Consider a domestic robot being asked to pick up ``the cup nearest to the plate''. Natural language is an intuitive way for humans to interact with robots. However, enabling robots to comprehend natural language spatial instructions such as this is challenging because objects in the scene must be identified by a combination of their type, cup, and their relation to other objects, 'nearest to the plate'.
Specifically, we define a task involving an image of a table setting and a phrase that contains a spatial relationship, such as ``the cup nearest to the plate''. The system should respond with a reference to the selected object in a object model built from the image.
This problem is a complex multi-modal task. It requires a Neural Network model to ground relational language jointly in text and image data. There are no cues such as texture and colour to help the model detect a spatial relationship like 'nearest'. Furthermore, in contrast to the target labels of object detection datasets, spatial relationships are abstract concepts that do not readily fit the paradigm of supervised training targets.
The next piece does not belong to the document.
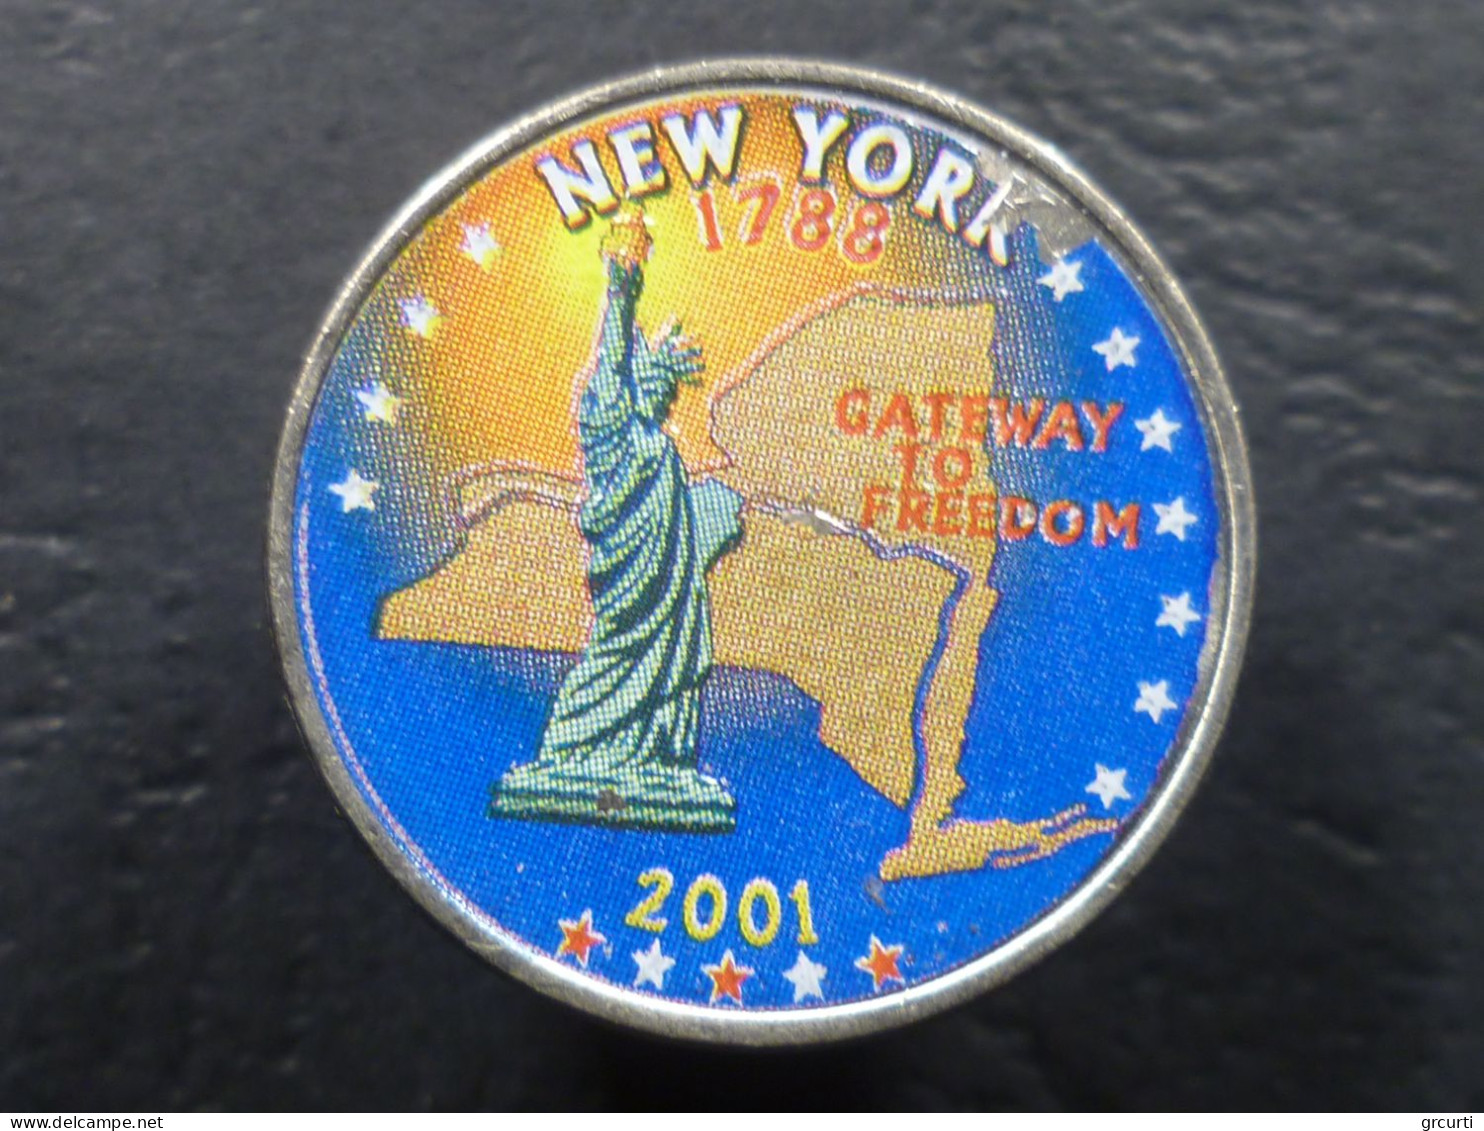 Stati Uniti - 25 Cents 2000-2001 - Lotto di 7 monete colorate

A challenge we address the in the model is that an image may contain an arbitrary number of objects. The model must therefore scale dynamically with no fixed upper bound on the number of objects.
The model is trained on scenes with a small number of items, however it is capable of performing inference on more complex scenes than those encountered during training. This is a key benefit in learning relationship features. They enable a complex structure, such as a scene of a table setting, to be processed as a composite of related components. Rather than select a fixed number of features to represent a scene model, the graph representation treats the scene as an arbitrary sized collection of binary object relationships.
pip install -r requirements.txt
See https://github.com/phil-hawkins/InferSent for InferSent setup instructions and pretrained weights.
python datasetgen/kitchen/generate.py
python train.py
python int_eval.py